Personal, site, and publisher certificates are all used to prove identity over the Internet; however, these certificates are used within different contexts. Your personal certificate identifies you to Web sites and allows you to access private or paid-for content over the Internet. A site certificate assures you of a Web site's identity and is used for secure communications between you and the Web site. A software publisher certificate, as mentioned previously, identifies the publisher of a piece of software and ensures that the software hasn't been tampered with after it has left the software publisher.

How can I tell the difference between an individual publisher and a commercial publisher when IE presents me with a software publisher’s certificate?

Before downloading a signed piece of software, IE identifies the issuer of the software publisher certificate as a CA for either individual or commercial publishers. IE further differentiates individual and commercial software publishers through the graphical presentation of the certificate to the end user in the Authenticode Security Technology dialog box.

How can Authenticode be used within a corporate scenario?

Using IEAK, an administrator can preconfigure IE safety settings, thereby setting the default manner in which IE treats potentially unsafe code—for example, code that doesn’t have a valid software publisher certificate associated with it.
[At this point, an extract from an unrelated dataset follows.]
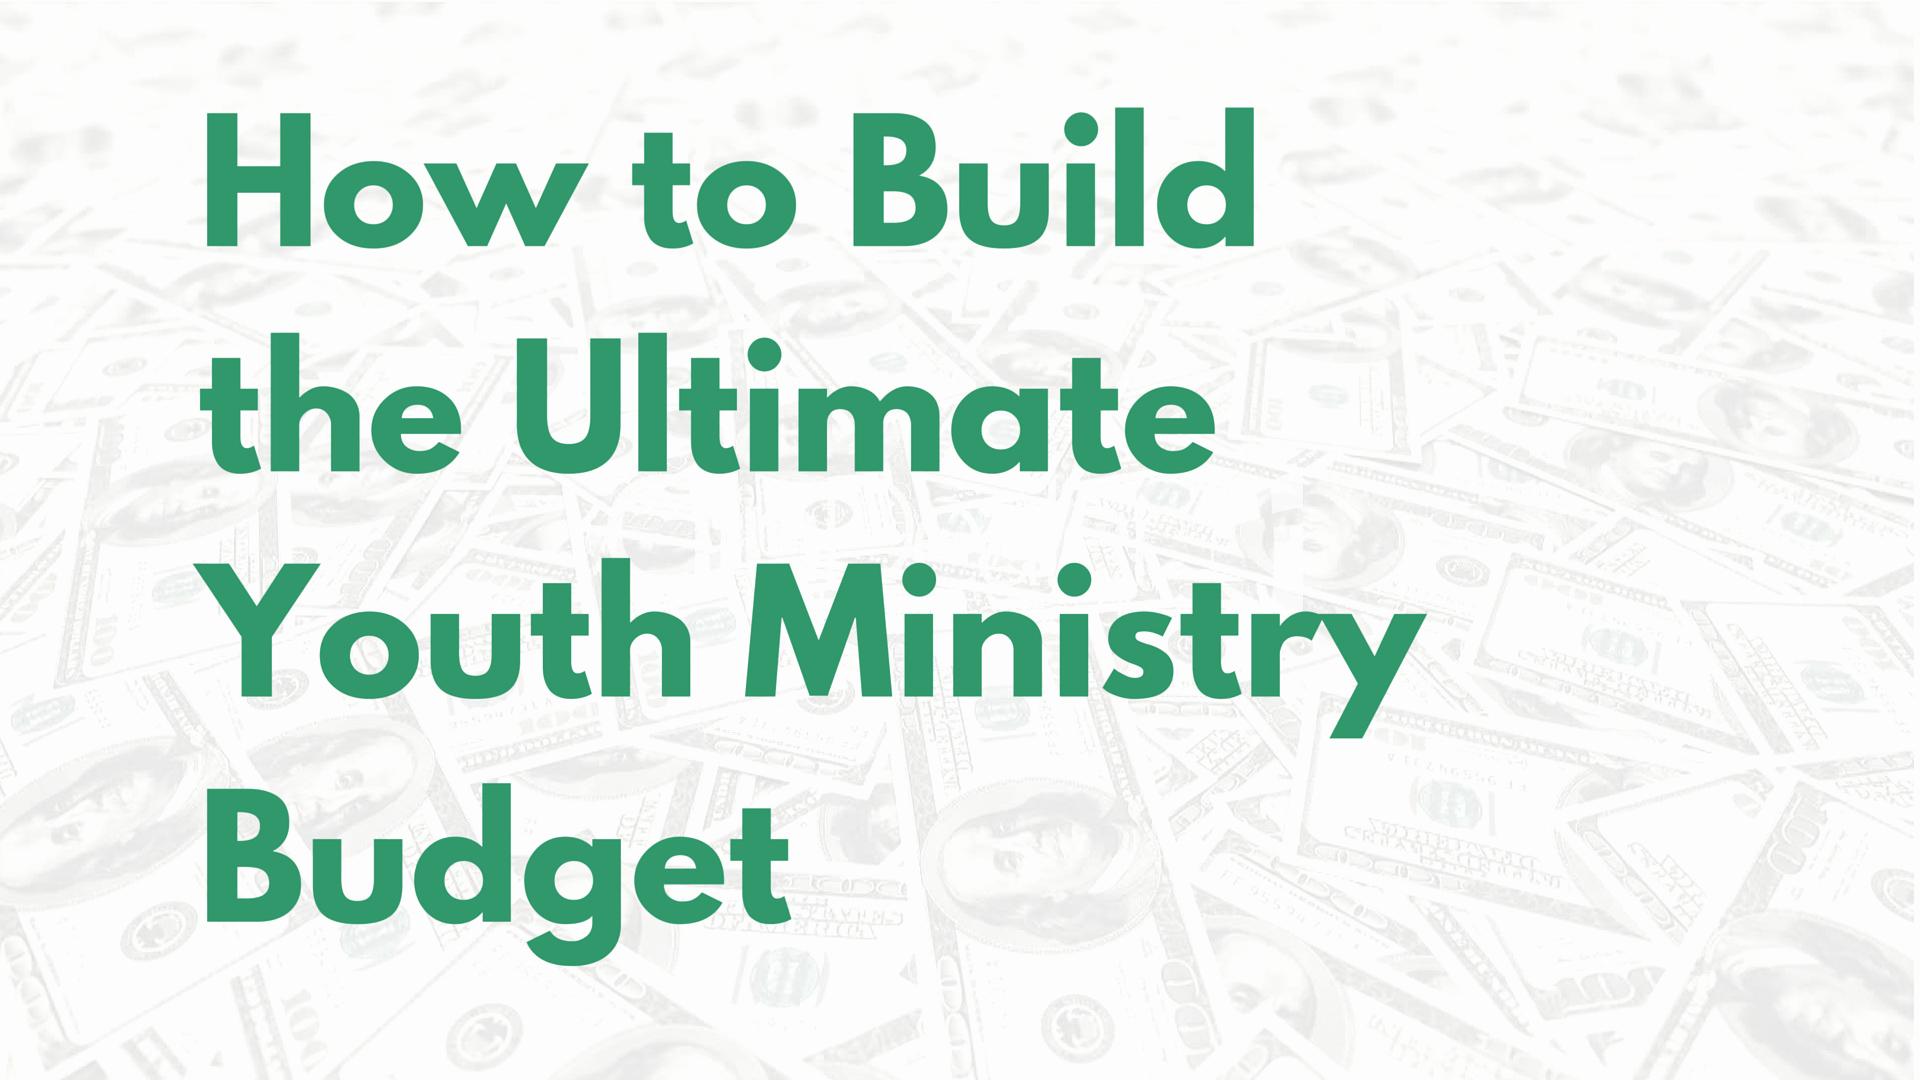 Church Ministry Budget Template Luxury Church Bud Percentage Template Youth Ministry Bud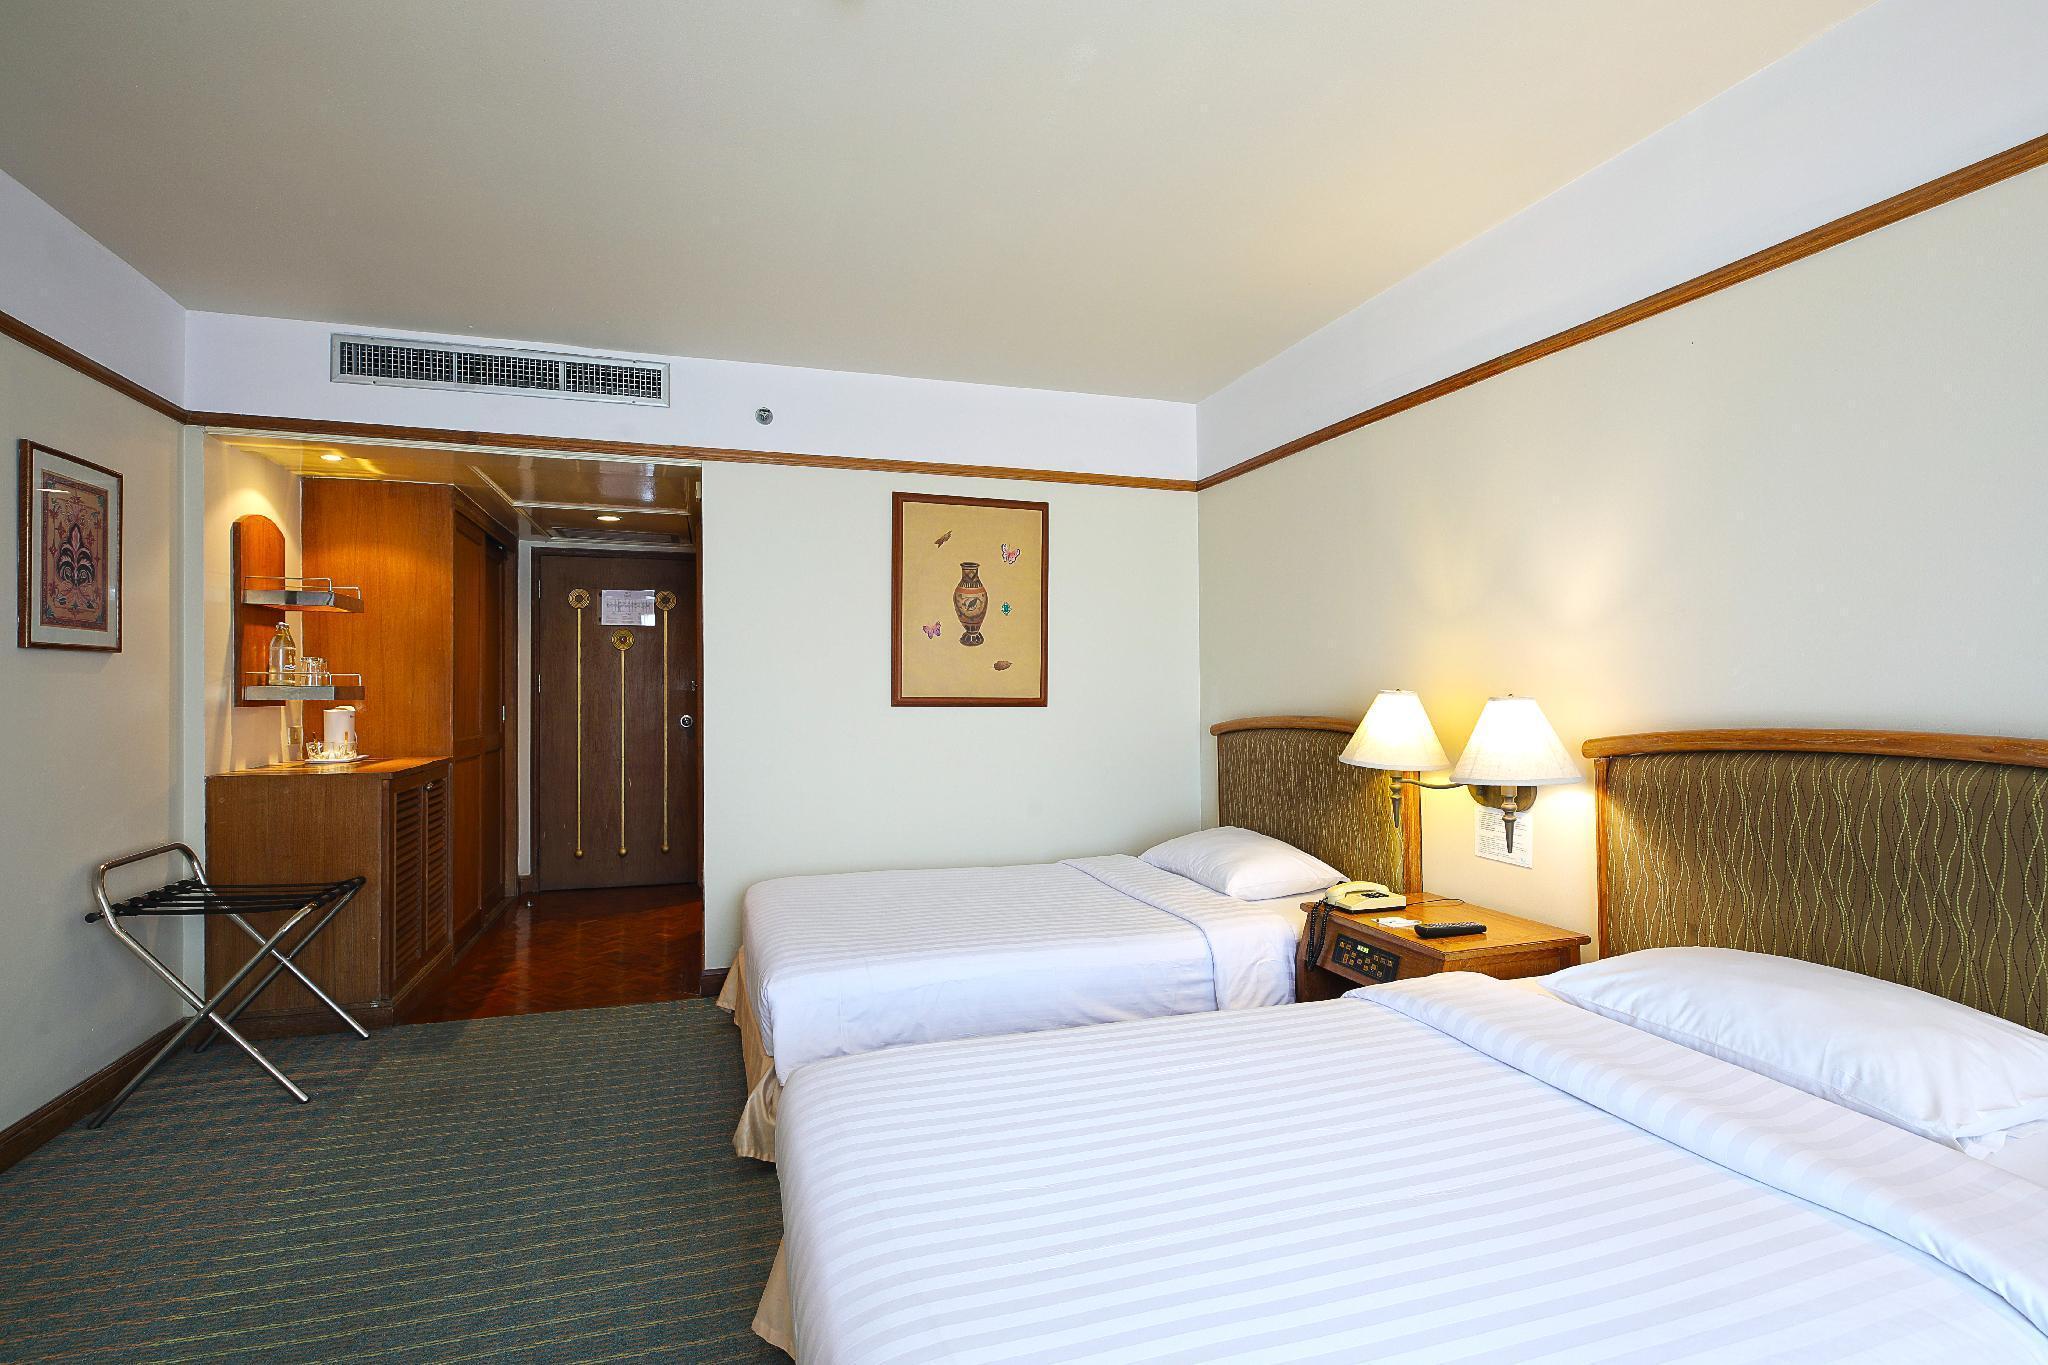 The Royal City Hotel โรงแรมรอยัล ซิตี้

In addition, through IEAK, the administrator can control which Options settings the user can change. Hence, the administrator can prevent unsigned software from being downloaded to end users’ PCs.

Summary

Microsoft’s Authenticode technology ensures that software hasn’t been tampered with since the time it was digitally signed by its publisher. CAs are third parties that ensure that software authors are who they say they are. Authenticode-protected software establishes a reliable link to the publisher, which has contractually agreed that its software isn’t intentionally malicious. Without having to inspect the programming source code line by line, users are given a higher degree of trust not given by unsigned code. Users can assign different degrees of security trust to IE’s zones to accommodate acceptable levels of risk for their computing environment.